(Try it): Would you return the listing that follows exactly, leaving its pictures behind?

(Stored data):

*** Begin section ***

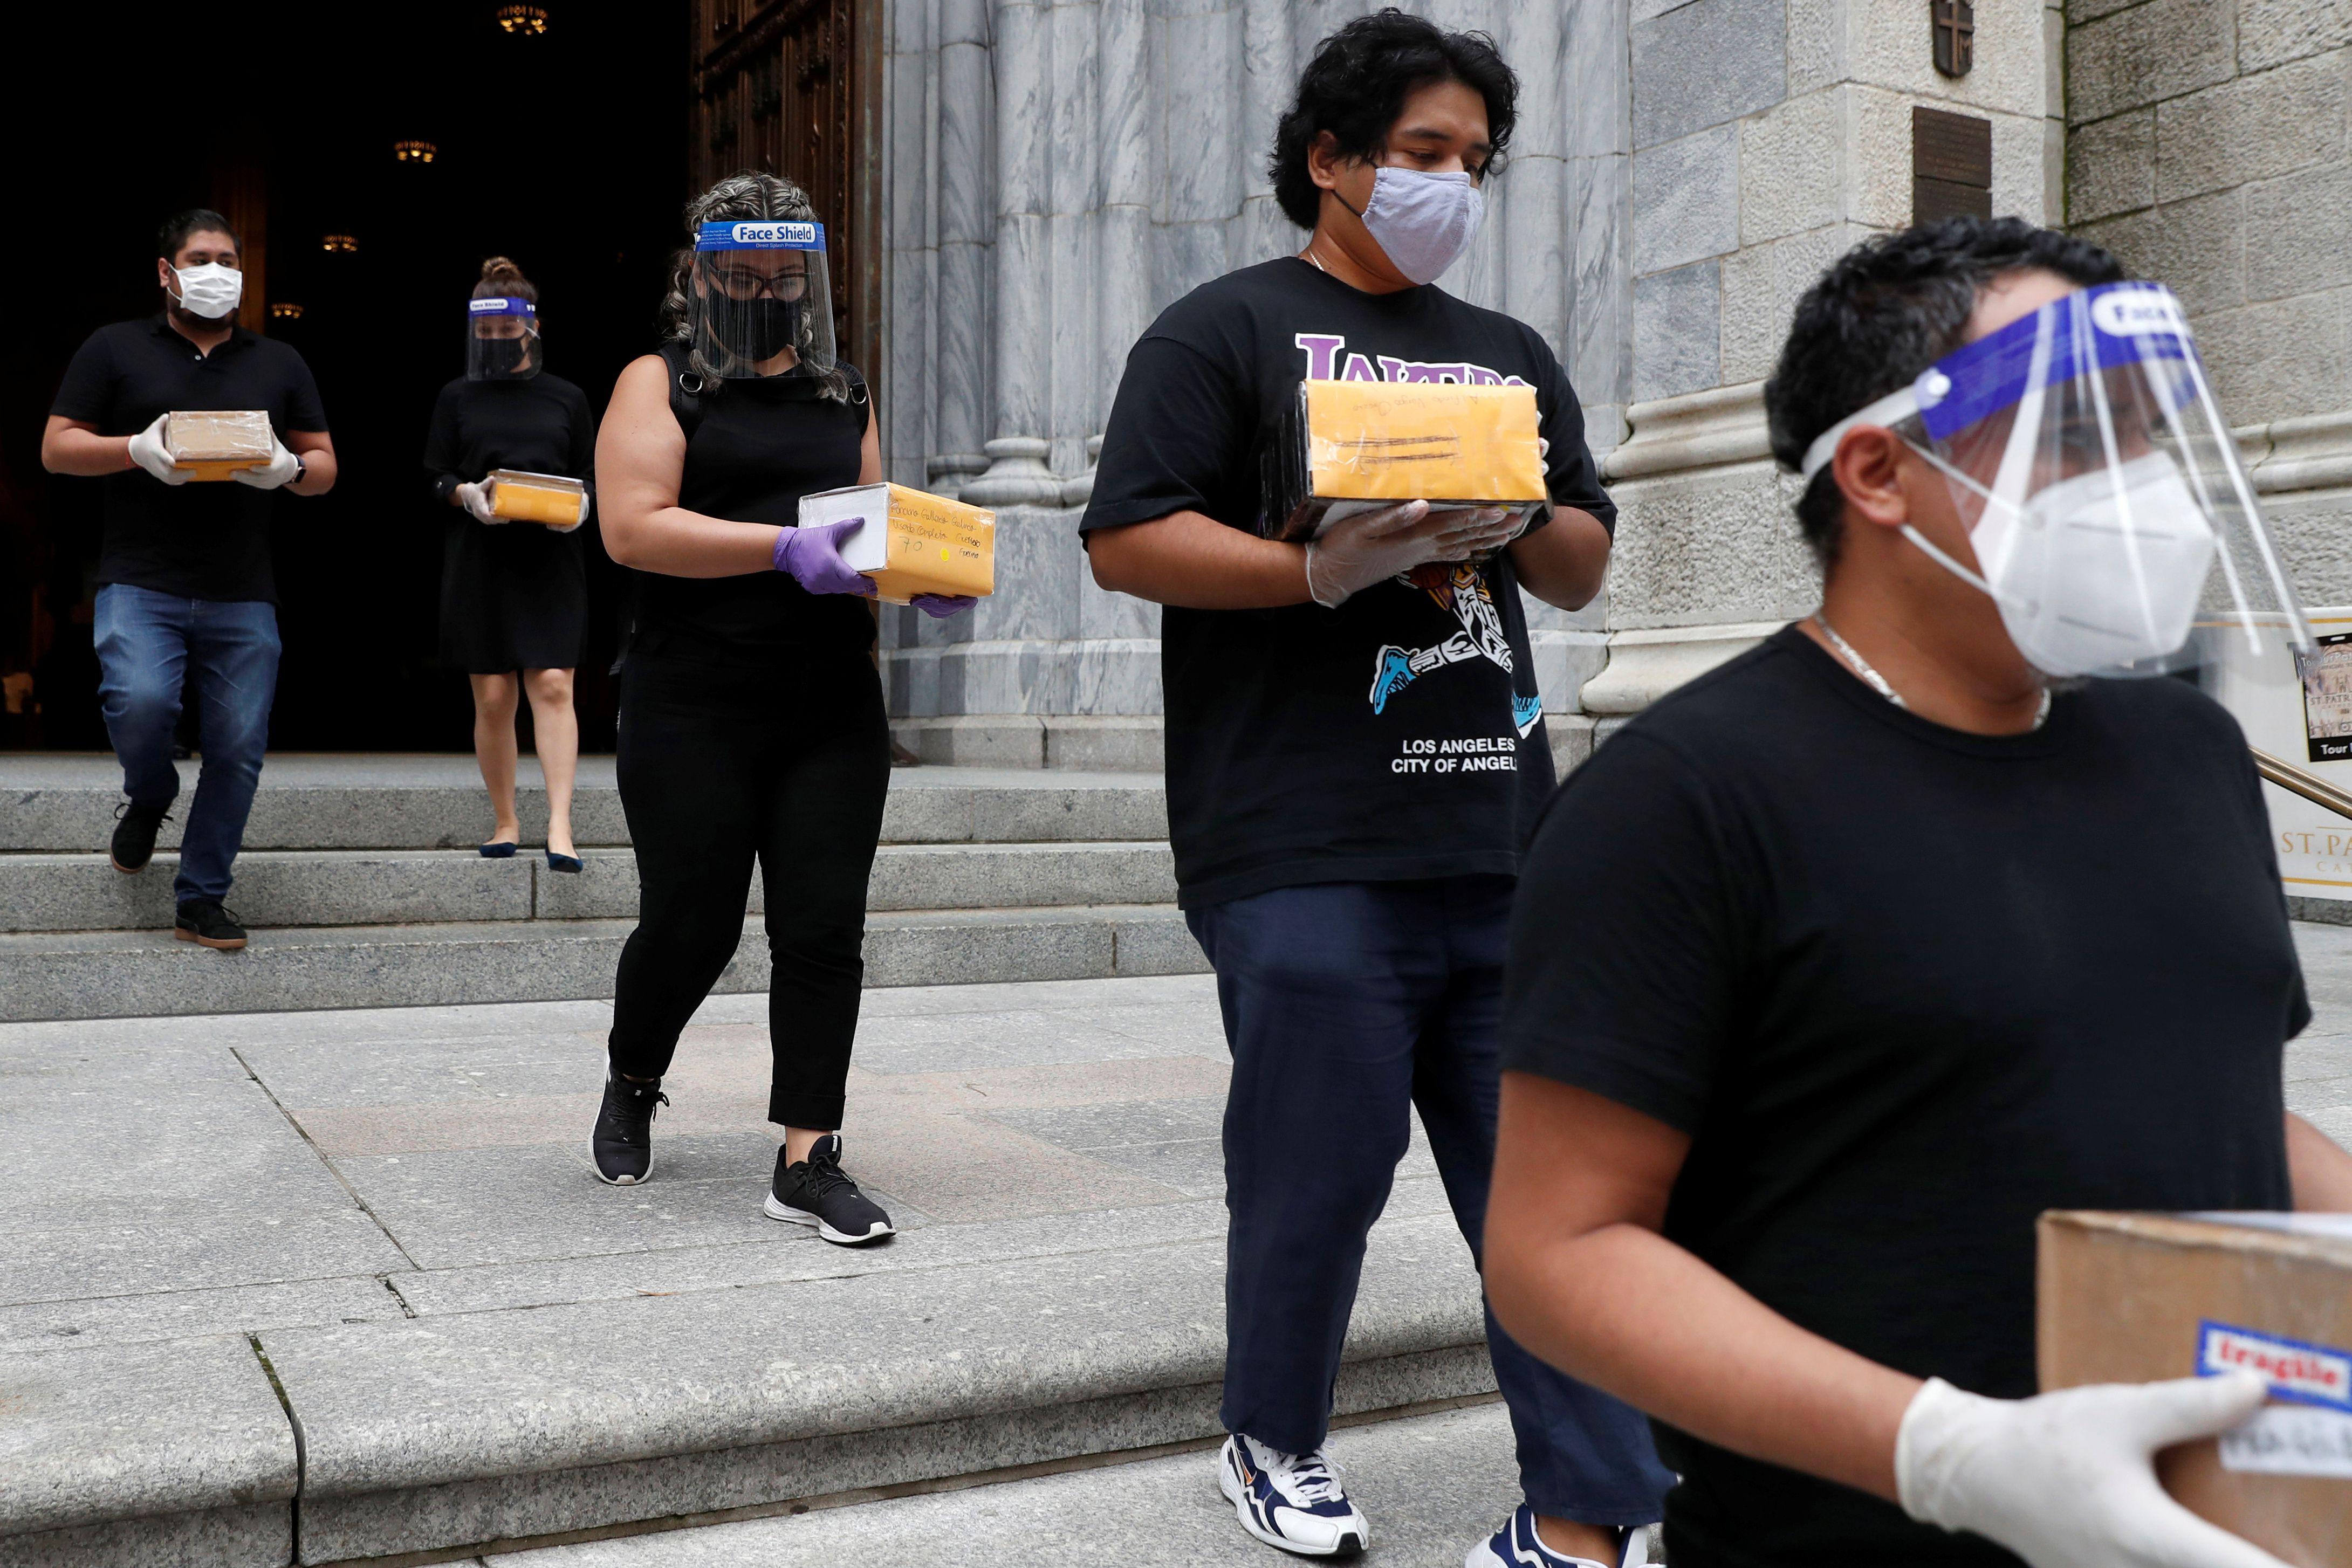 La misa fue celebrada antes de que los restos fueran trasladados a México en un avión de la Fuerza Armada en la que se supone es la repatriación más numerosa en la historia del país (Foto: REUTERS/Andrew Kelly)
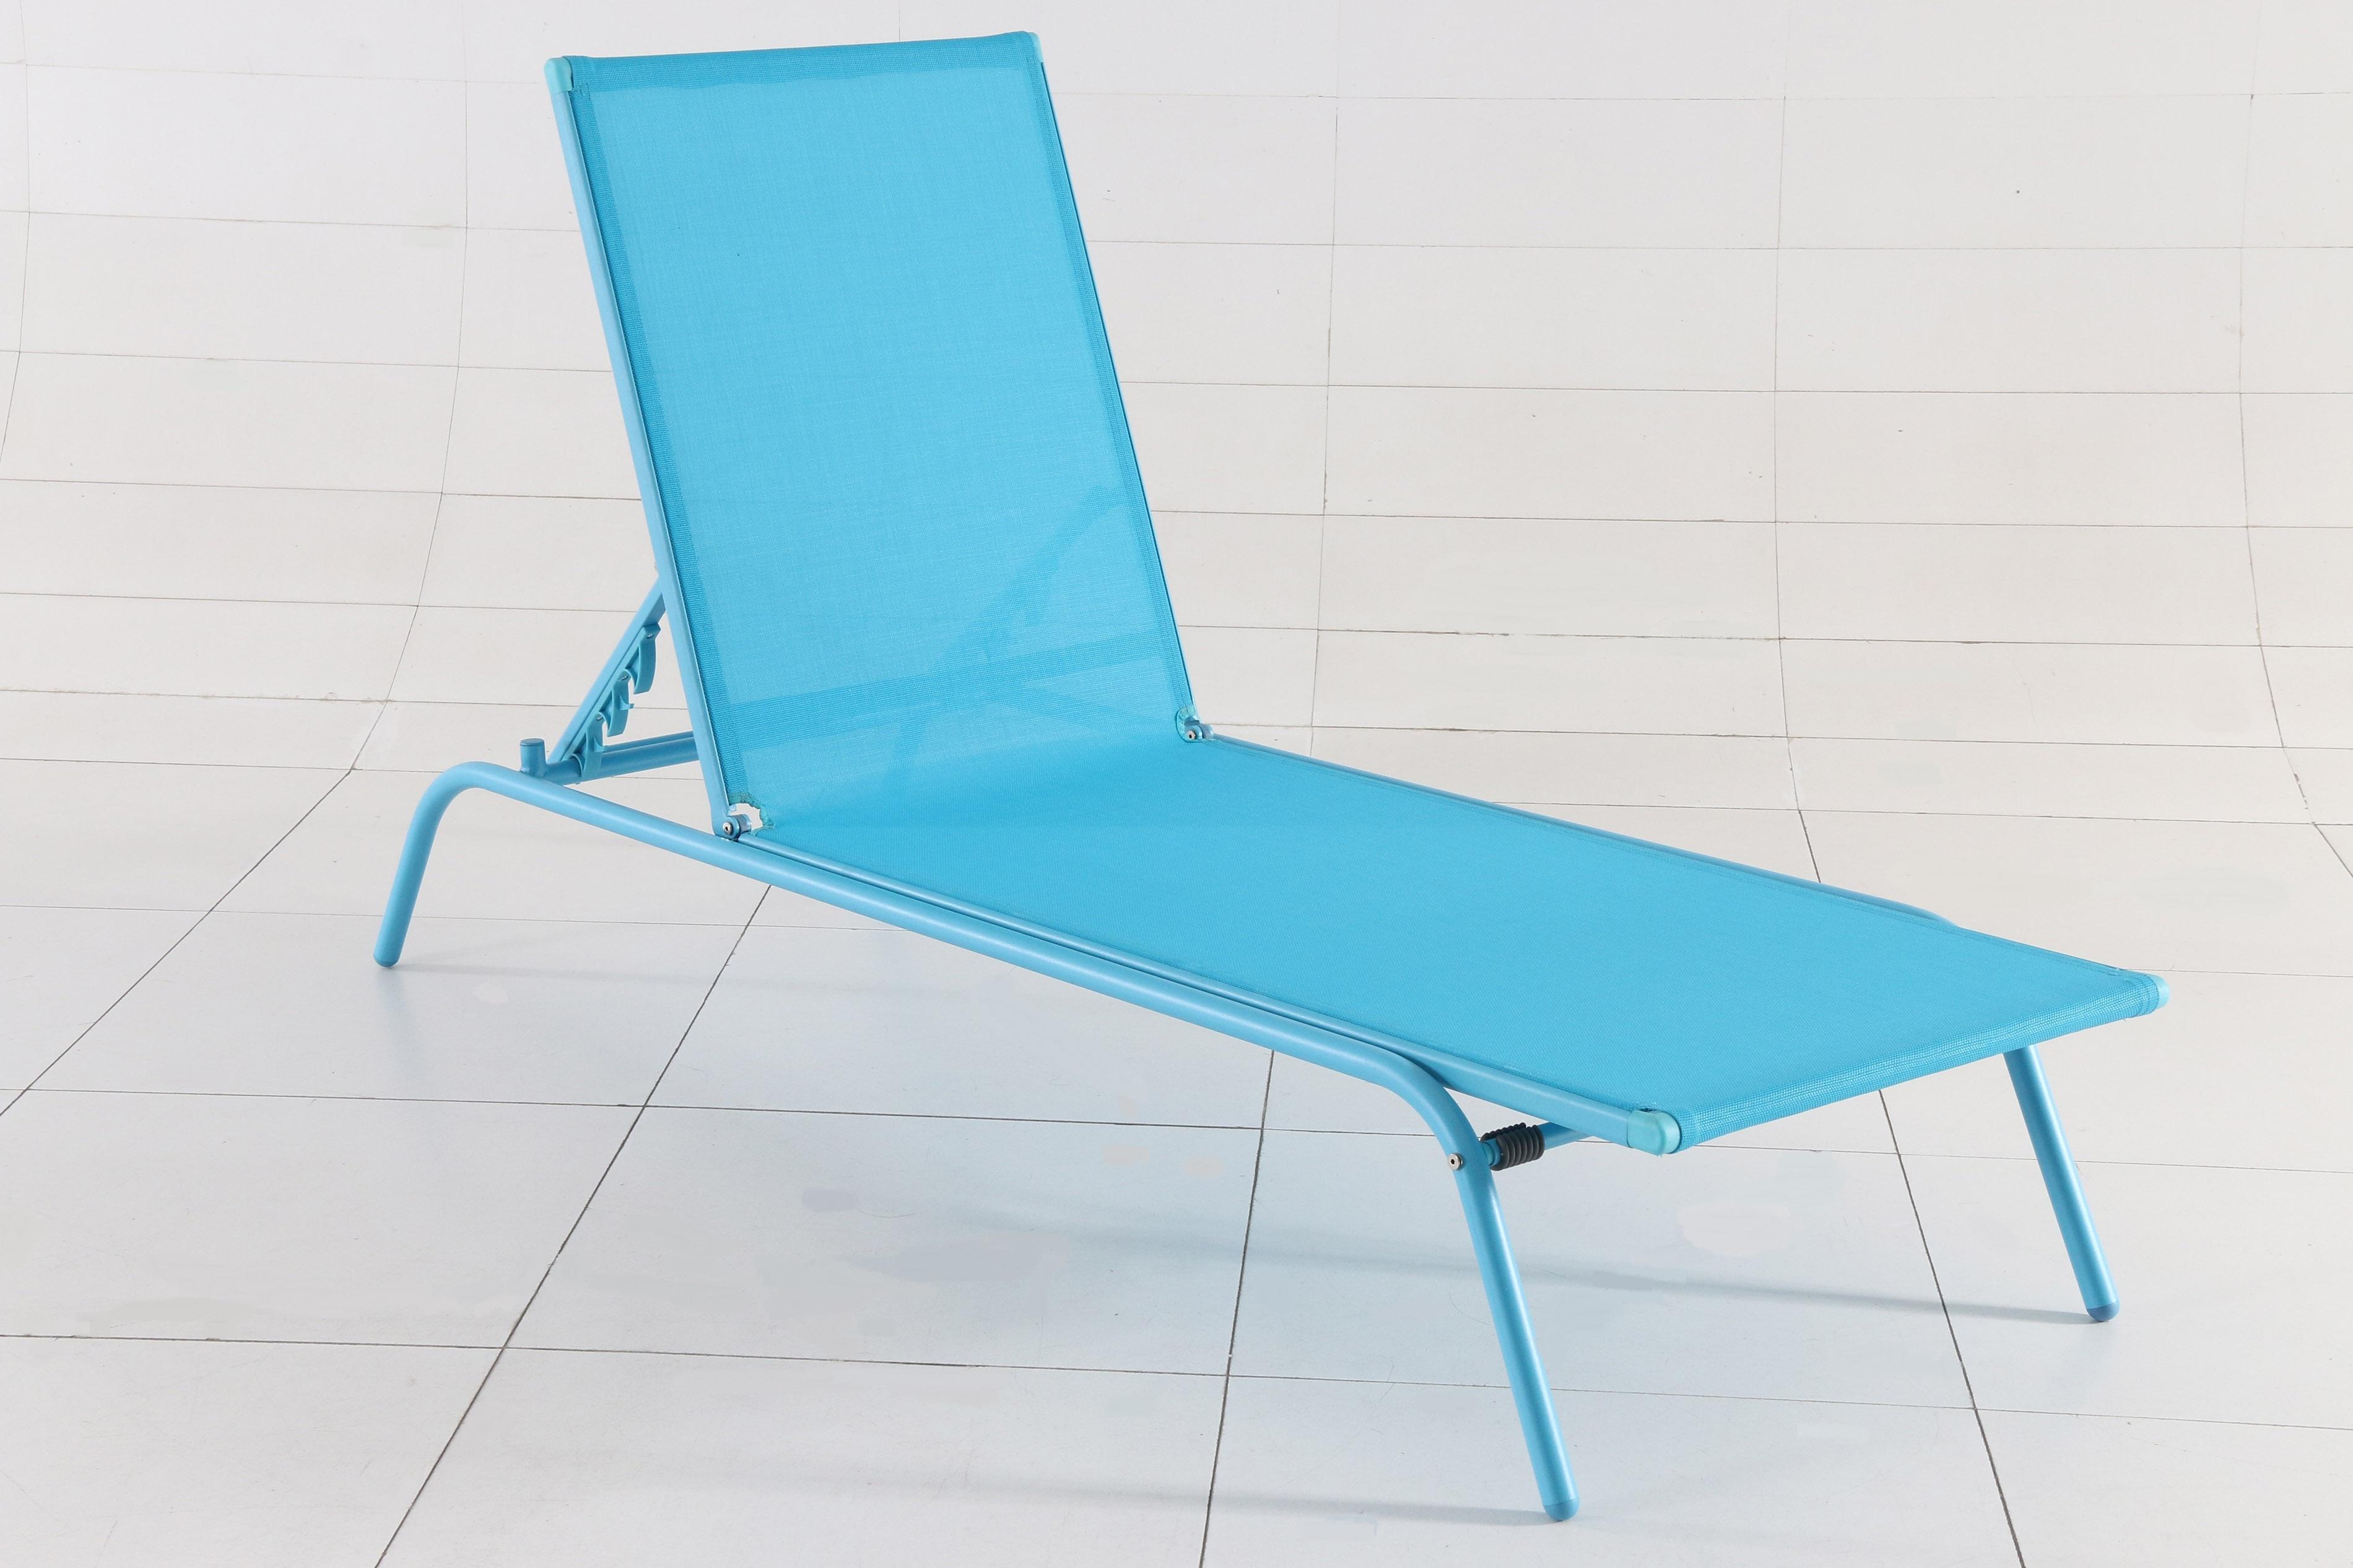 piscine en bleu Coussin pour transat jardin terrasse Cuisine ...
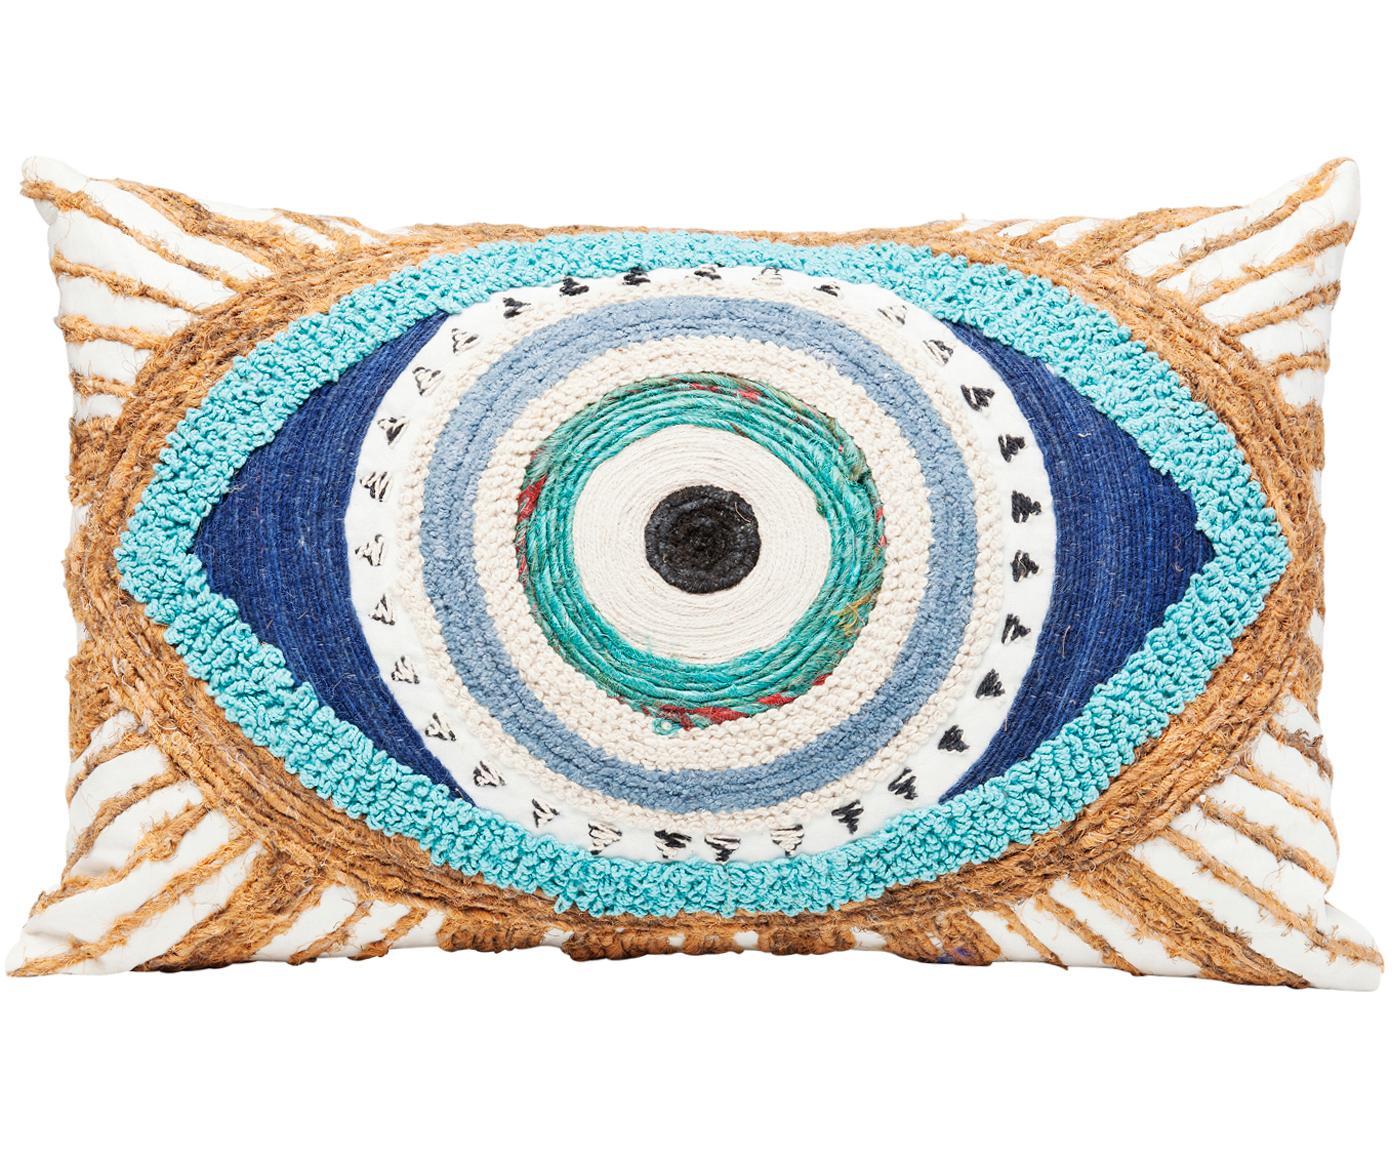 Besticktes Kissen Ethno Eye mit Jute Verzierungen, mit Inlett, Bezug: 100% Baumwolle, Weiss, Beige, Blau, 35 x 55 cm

*** End section ***

(Worked solution):
 La misa fue celebrada antes de que los restos fueran trasladados a México en un avión de la Fuerza Armada en la que se supone es la repatriación más numerosa en la historia del país (Foto: REUTERS/Andrew Kelly)
 piscine en bleu Coussin pour transat jardin terrasse Cuisine ...
 Besticktes Kissen Ethno Eye mit Jute Verzierungen, mit Inlett, Bezug: 100% Baumwolle, Weiss, Beige, Blau, 35 x 55 cm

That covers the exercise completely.